Folklore Tapes has quietly been one of the most singular and fascinating labels around for the last several years, a secret that they have managed to keep fairly well-concealed with their hyper-limited, hand-made and elaborate editions that tend to disappear quite quickly.  A handful of them eventually surface on Bandcamp, but most do not: Folklore Tapes releases are nothing if not elusive and ephemeral.  Thankfully, some of the more classic releases gradually get reissued, such as this one (which had an initial run of just 30).  This considerably larger (and newly vinyl-ized) reissue has an interesting twist, however, as the lengthy Children of Alice piece from the original has been replaced by three atypical new pieces from guitarist Dean McPhee.  Given that Children of Alice is comprised of the surviving members of Broadcast, that news will likely break a few hearts, but the two playfully hallucinatory soundscapes from the mysterious Mary Arches scratch quite a similar itch.
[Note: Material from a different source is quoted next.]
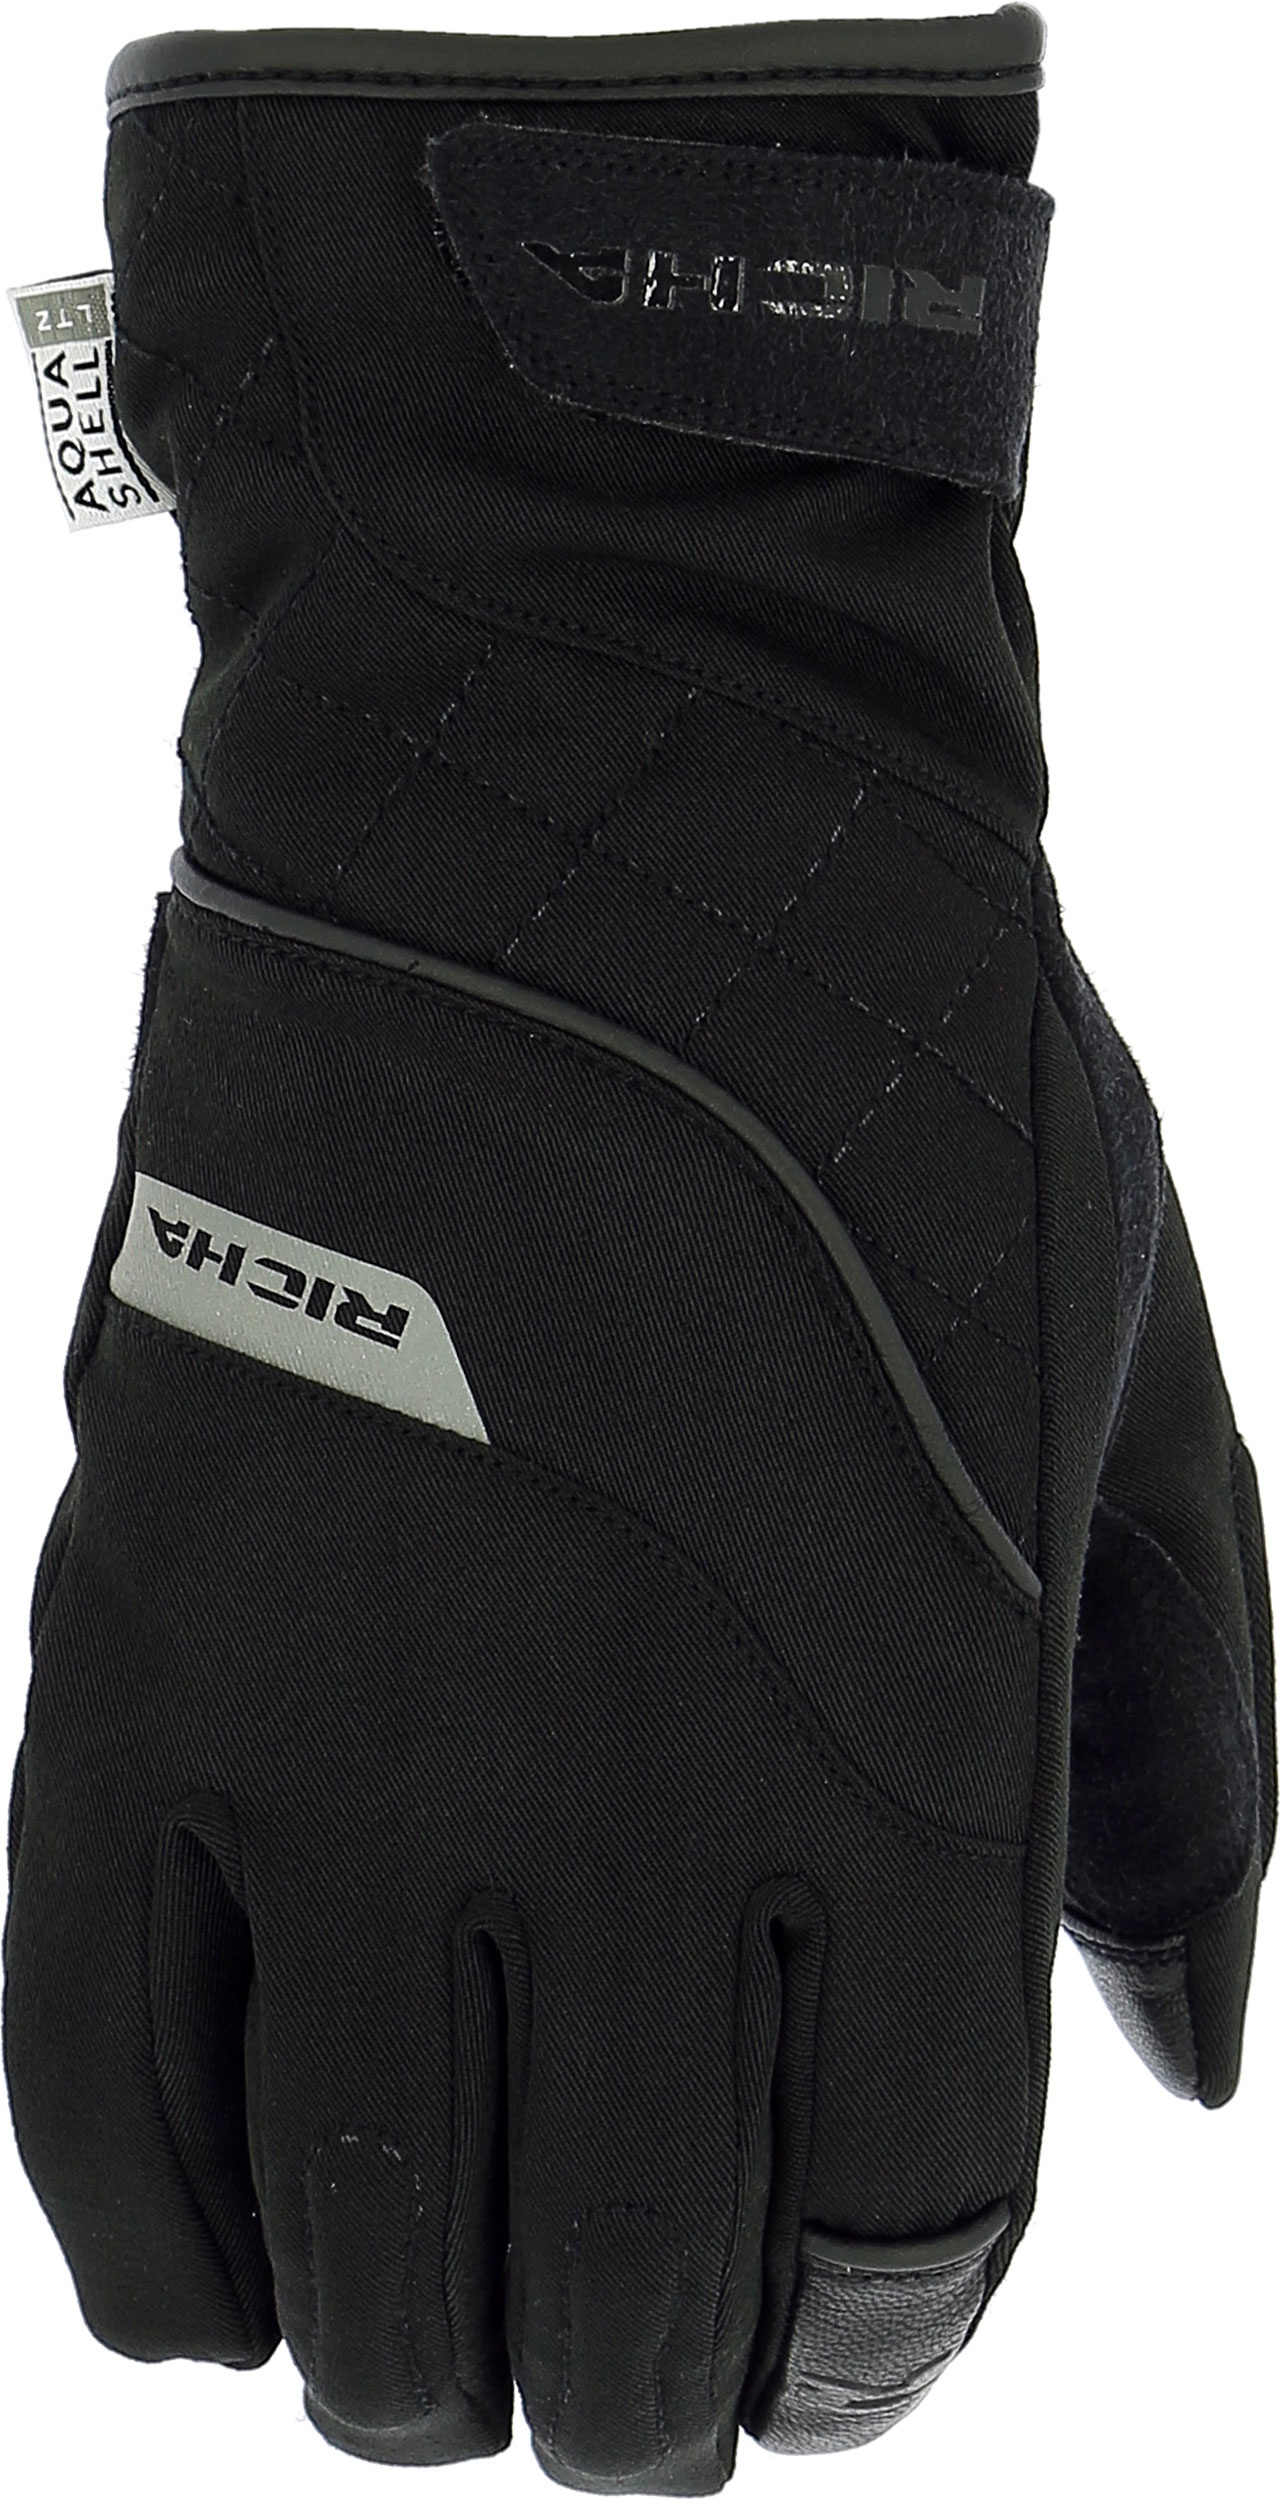 Richa Tina 2, gants imperméables femmes - Noir - XL

I certainly do not envy Dean McPhee, as stepping in as the replacement for the sole and rarely heard recording of James Cargill's post-Broadcast project is quite a tall order.  Fortunately, that departed piece is slated to be included in the group's formal debut, so it has not permanently disappeared and all is well.  More importantly, McPhee is a rather unique artist in his own right, so I am always eager to hear new work from him.  In this case, the new work is a three-song suite entitled Avian Dream Songs ("The Robin," "The Nightingale," and "The Blackbird").  I do not have the accompanying book, unfortunately, so I remain regrettably ignorant about each bird's significance in Devonshire lore.  However, I do know that crows are shapeshifters, magpie calls are an ill-omen, and that jackdaw cackles "betray runes of rut so unseemly a libertine would blush."  I would love to someday hear a jackdaw-themed Dean McPhee album, but he opted more for a serene and meditative feel with these pieces rather than going for raw, full-on sex this time around.  In any case, all three pieces are languorous, lovely, and unhurried improvisations over chirping and cooing field recordings of birds.  Of the three, "The Nightingale" is probably my favorite and the most substantial departure from McPhee's usual fare, unfolding as a gorgeously subdued and melancholy flow of volume swells.  I also quite enjoyed the tranquil and sun-dappled "The Blackbird," as it feels the most like an organic interplay with McPhee's unwitting avian collaborators.
I have absolutely no idea who is behind the "Mary Arches" guise, but I definitely know that I like them.  Stylistically, both halves of "The White Bird of the Oxenhams" strike a beautiful balance between collage, kitsch, and hauntology.  Naturally, there are plenty of birds involved here as well, though the specific type of bird that kept turning up to foretell premature deaths in the hapless Oxenham clan is up for debate.  "The Room" initially seems like a rather dark piece, opening with some wonderfully dense and eerie drones and evolving into a dissonant music box motif, but it eventually takes a rather cartoonish turn with some loud snoring and plinking percussion.  It is quite a hard piece to get a handle on, covering some quite strange and varied ground over its twelve minutes.  "The Reverie" is a bit more consistently strong and immediately gratifying, as it is built upon a beautifully wobbly and swooping synth melody over a lazily jaunty groove.  There are also plenty of squelching and crunching field recordings in the periphery to make it even more evocative.  At some point, however, that all fades away and the piece sounds like a crackling old recording of a vampire blasting away on a pipe organ in his lonely castle.  Anything resembling genuine darkness is mischievously undercut with plenty of random boinging noises though, along with some weirdly hollow yet festive percussion that sounds like the missing link between Einstürzende Neubauten and Les Baxter.  Then, bizarrely, it all winds to a close with a rippling and dreamy coda of almost tropical-sounding guitars.
Needless to say, the deranged and kaleidoscopic B-movie kitsch of Mary Arches makes for a very counterintuitive pairing with the understated beauty of Dean McPhee’s trio of avian dreamscapes, but it somehow perversely works as a whole.  While the quiet simplicity and understated melodicism of McPhee's songs admittedly took a few listens to fully seep into my consciousness, they eventually became my favorite part of the album and provide a very necessary, sincere, and earthy counterbalance to the carnival of absurdity that follows.  Of course, I enjoy that aspect of the album too, as there is plenty of fun and an occasional brush with genius amidst all the gleefully wonky madness, even if the "Oxenham" pieces are a bit too long, erratic, and uneven to quite work on their own.  Ultimately, it is McPhee's subtly haunting "The Nightingale" that stealthily dominates the album and comes closest to evoking the eerie witchery and timelessness of the stories that inspired this release, but there is plenty of strange, sublime, and mindwarping terrain to explore around it.